> Given data
---

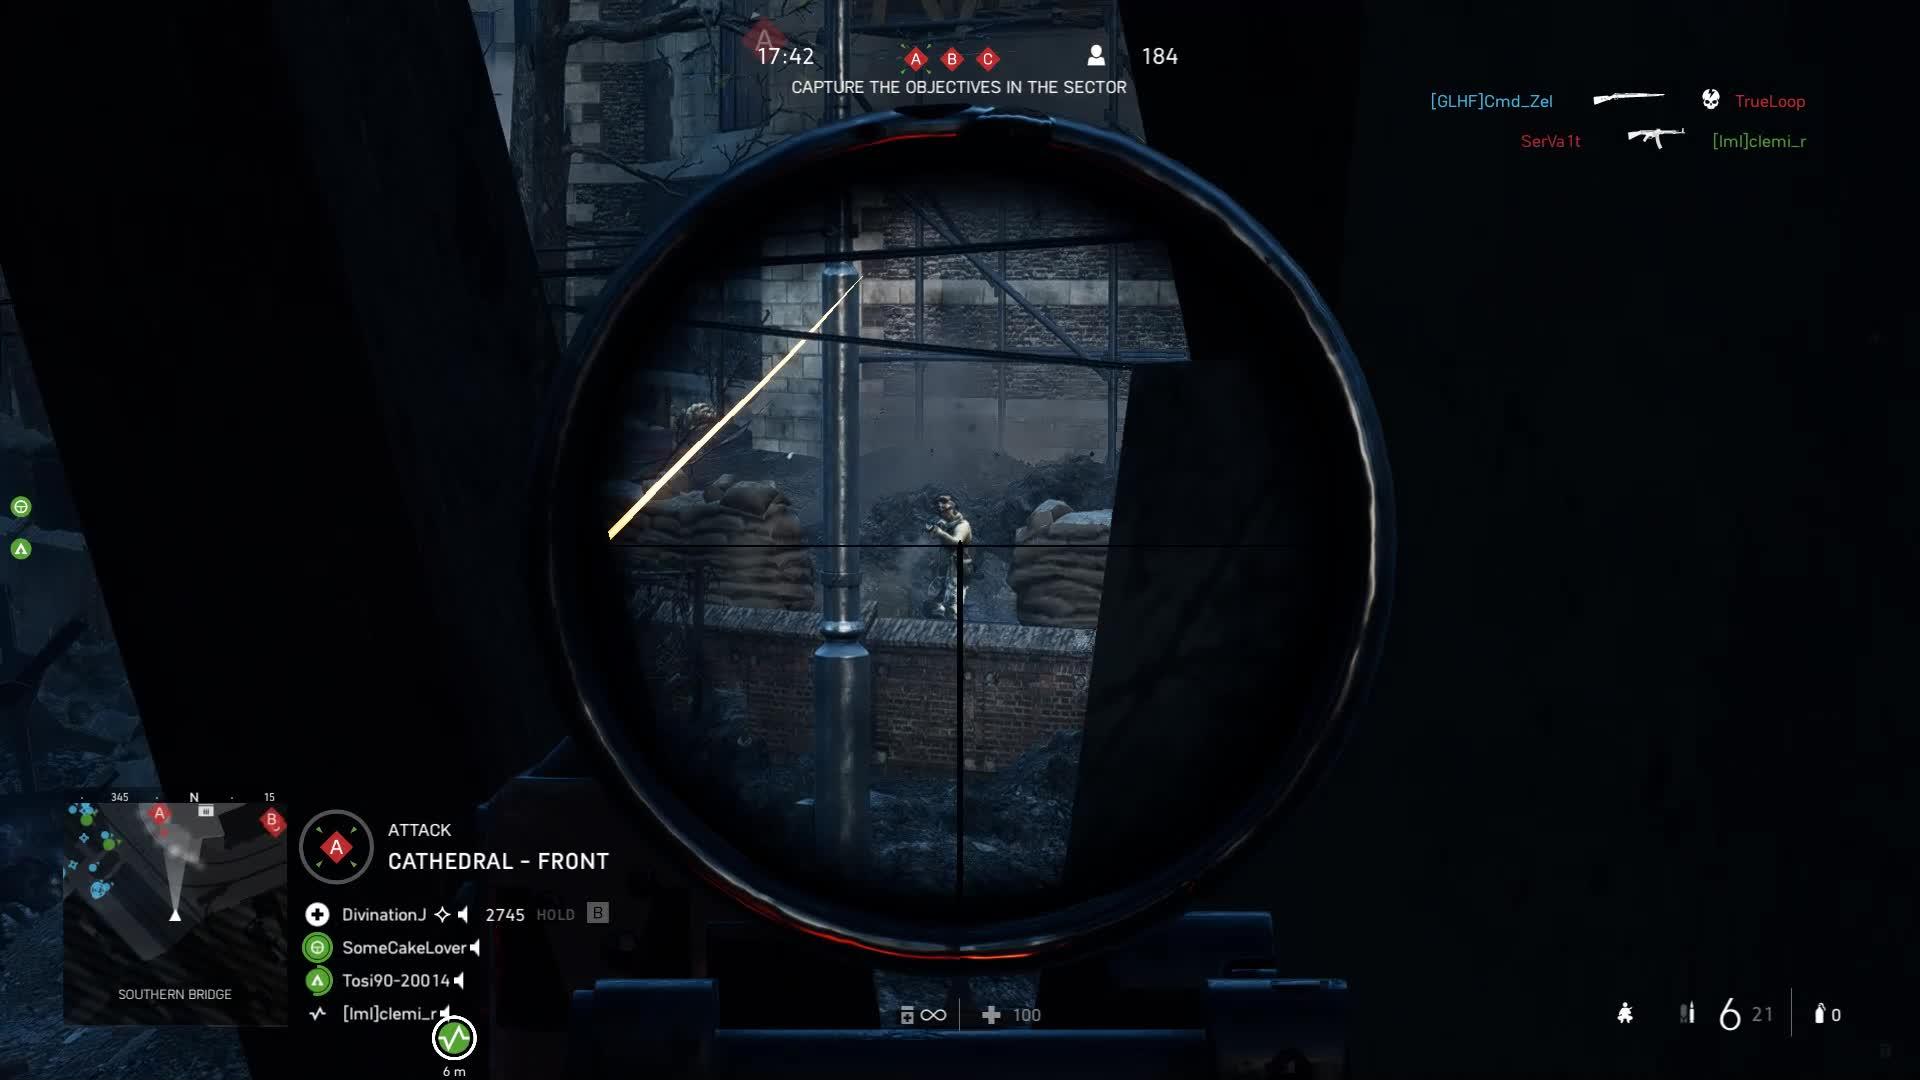 battlefield 5, battlefield v, bf5, bfv, bfv medic, bolt action carbine, Remember, Kill the medics first! GIFs
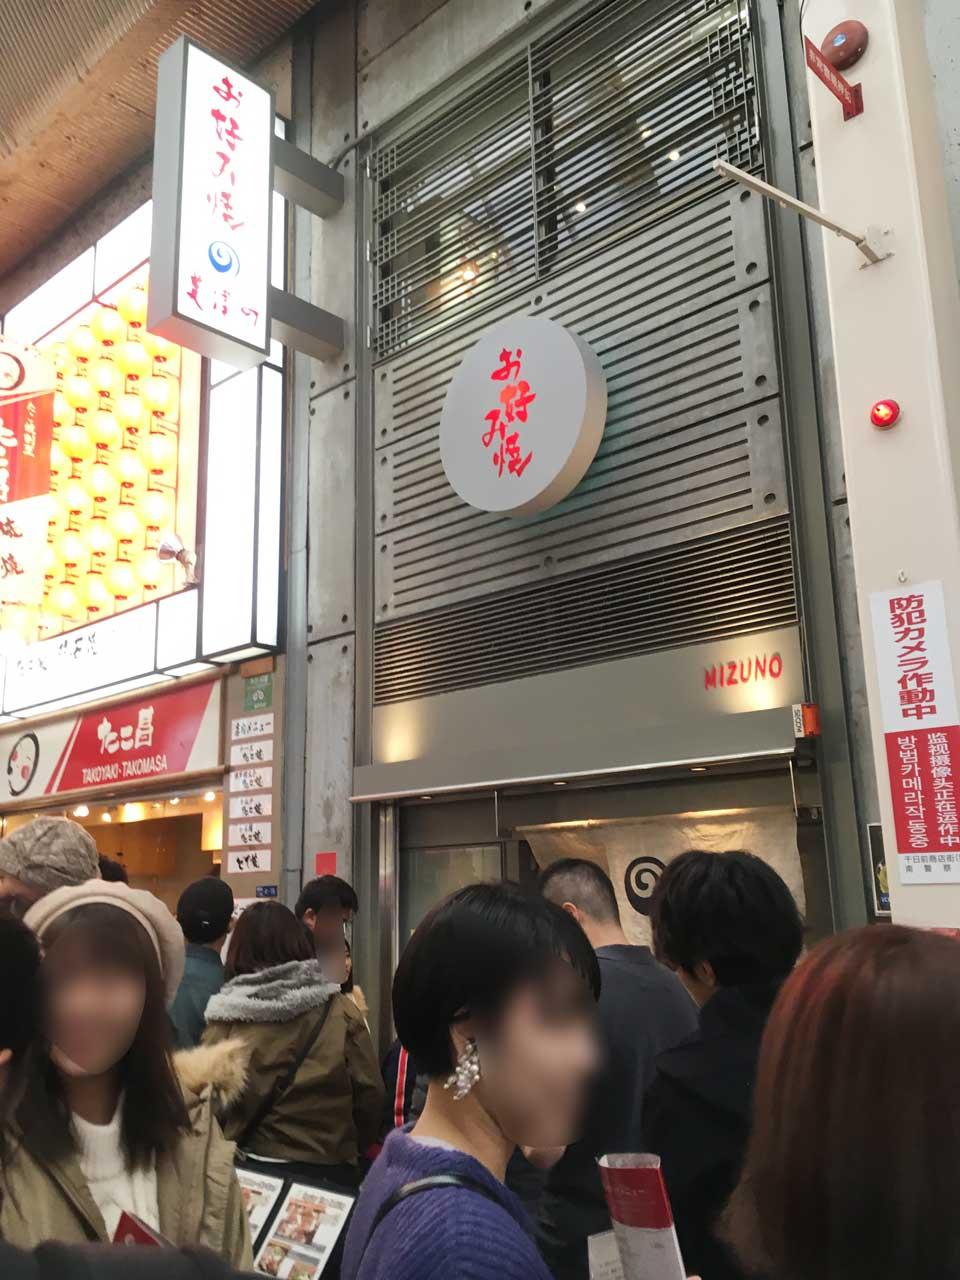 大阪観光&旅行で絶対に外せないグルメをまとめた!定番スポットなので要注意! osaka_gourmet_img_9692
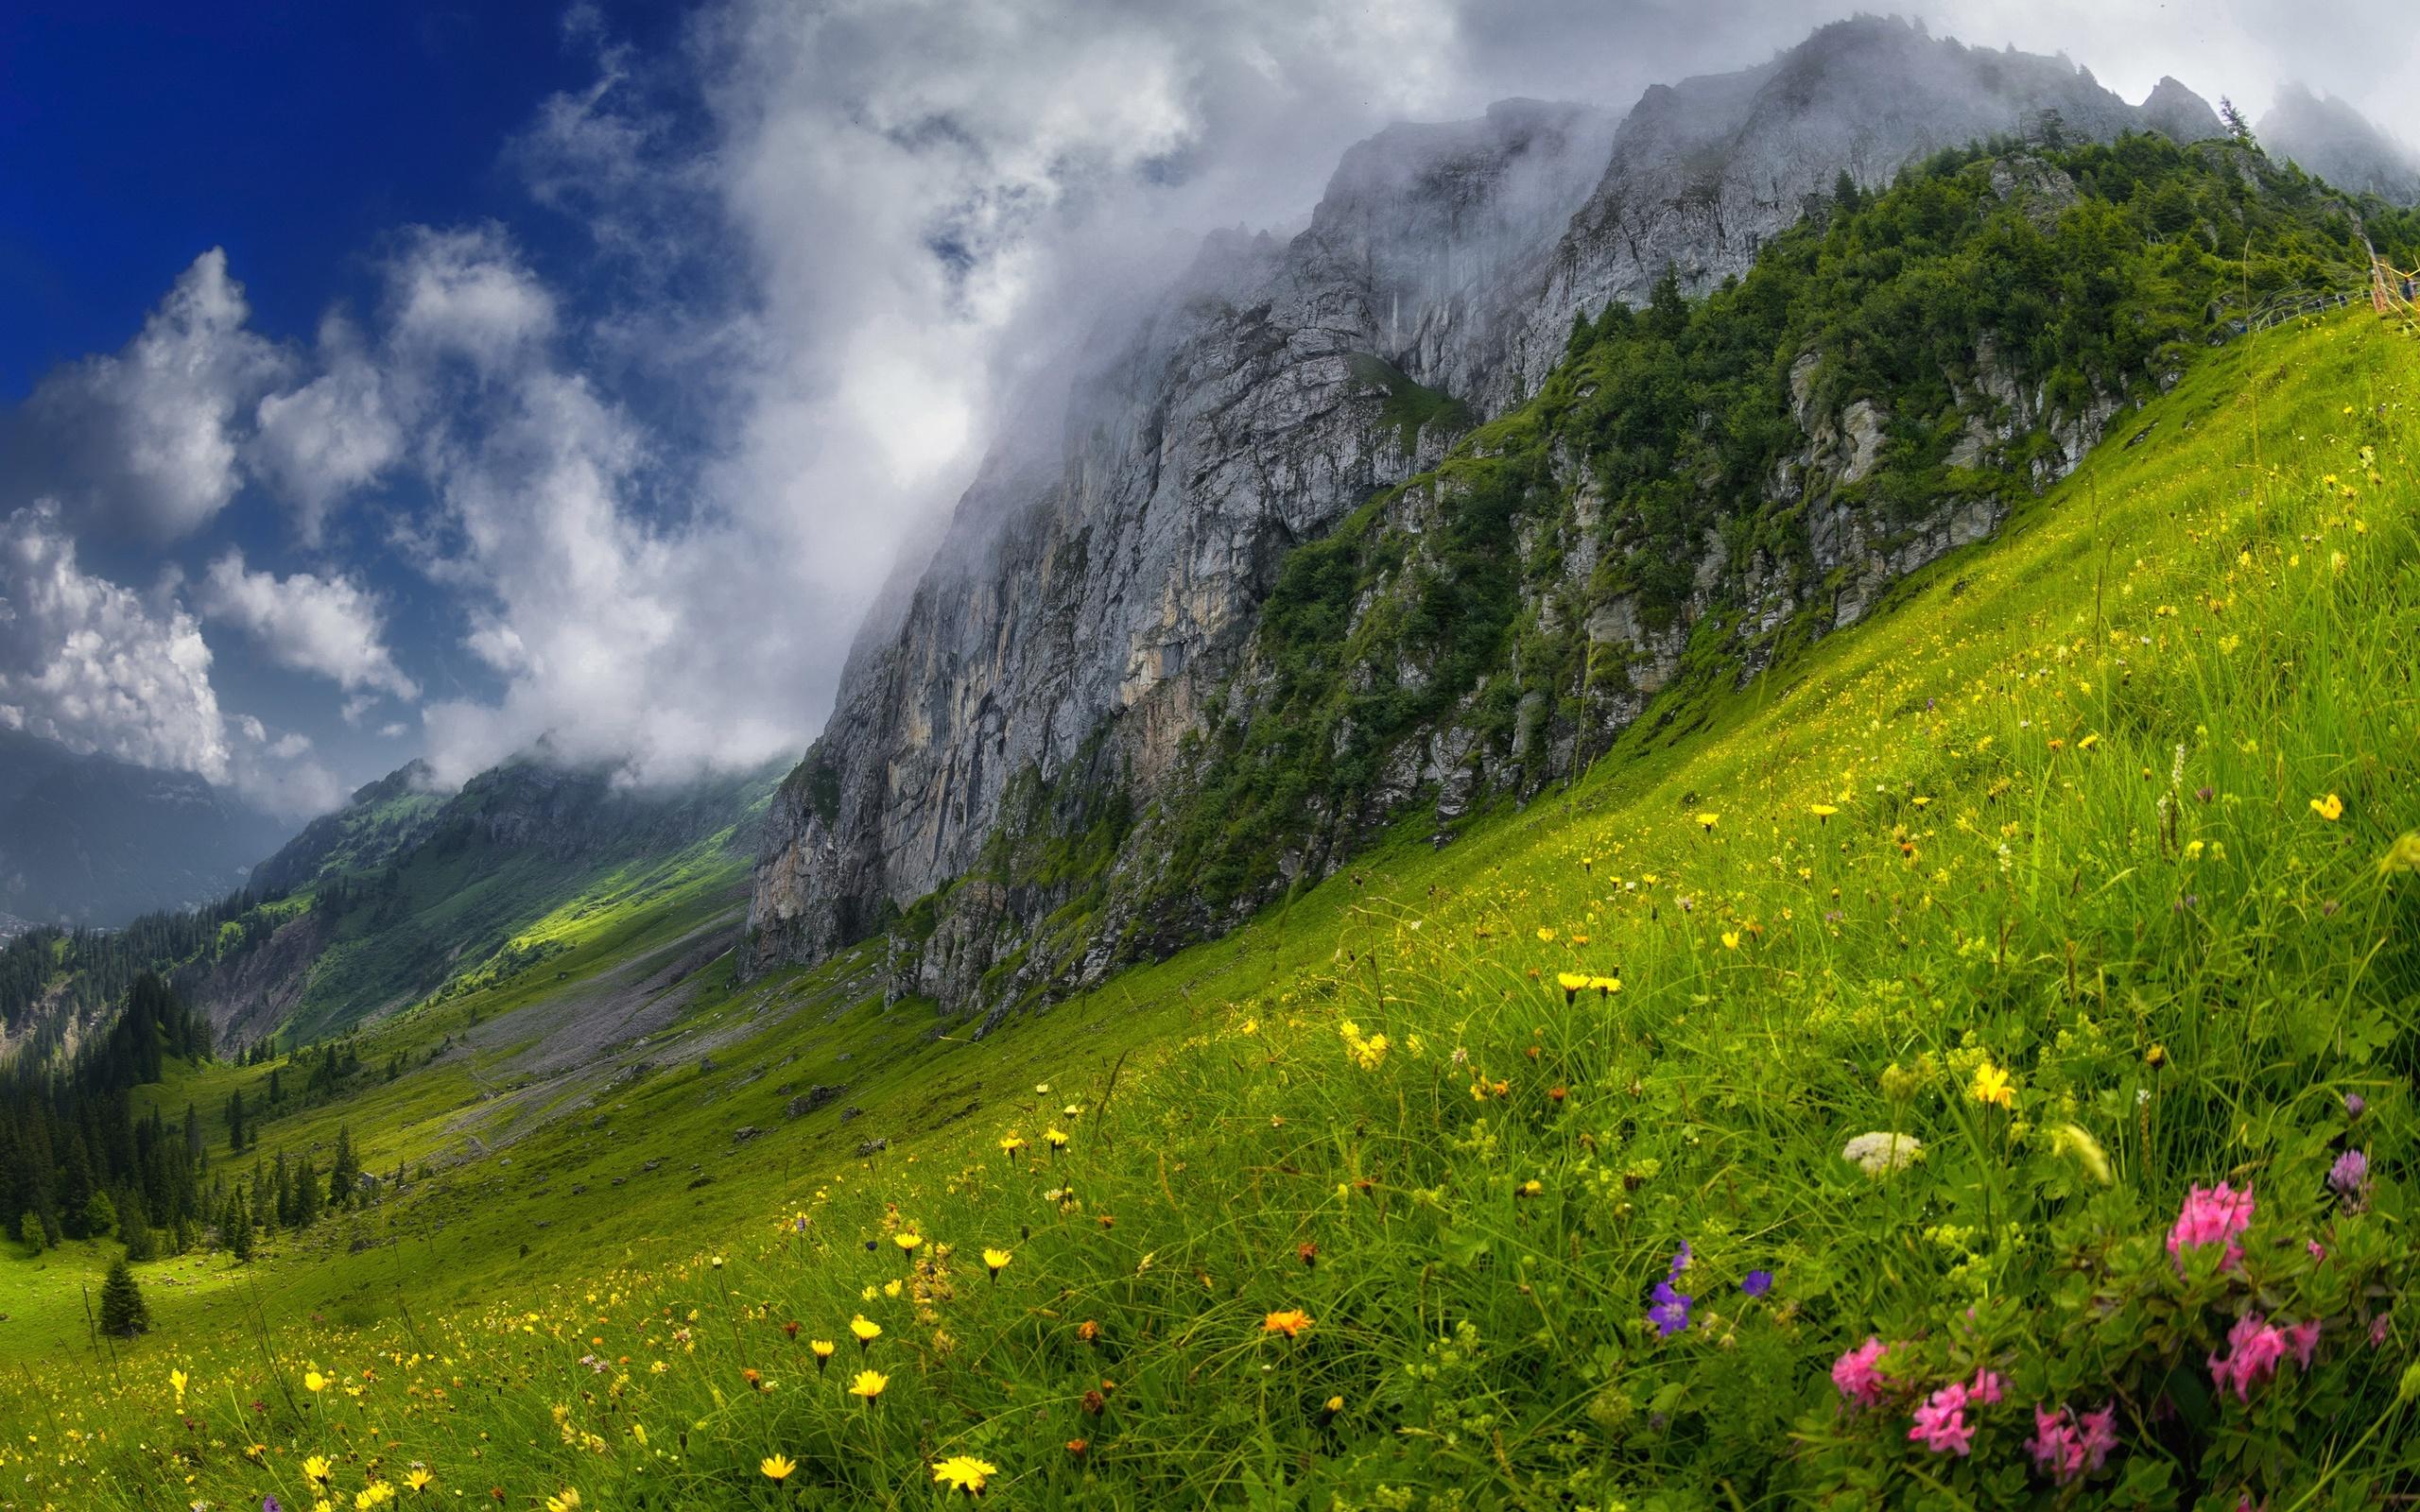 Картинки склонов гор

---

The pictures in the data should be omitted, and every remaining line set down exactly.

> Output for this exercise
 battlefield 5, battlefield v, bf5, bfv, bfv medic, bolt action carbine, Remember, Kill the medics first! GIFs
 大阪観光&旅行で絶対に外せないグルメをまとめた!定番スポットなので要注意! osaka_gourmet_img_9692
 Картинки склонов гор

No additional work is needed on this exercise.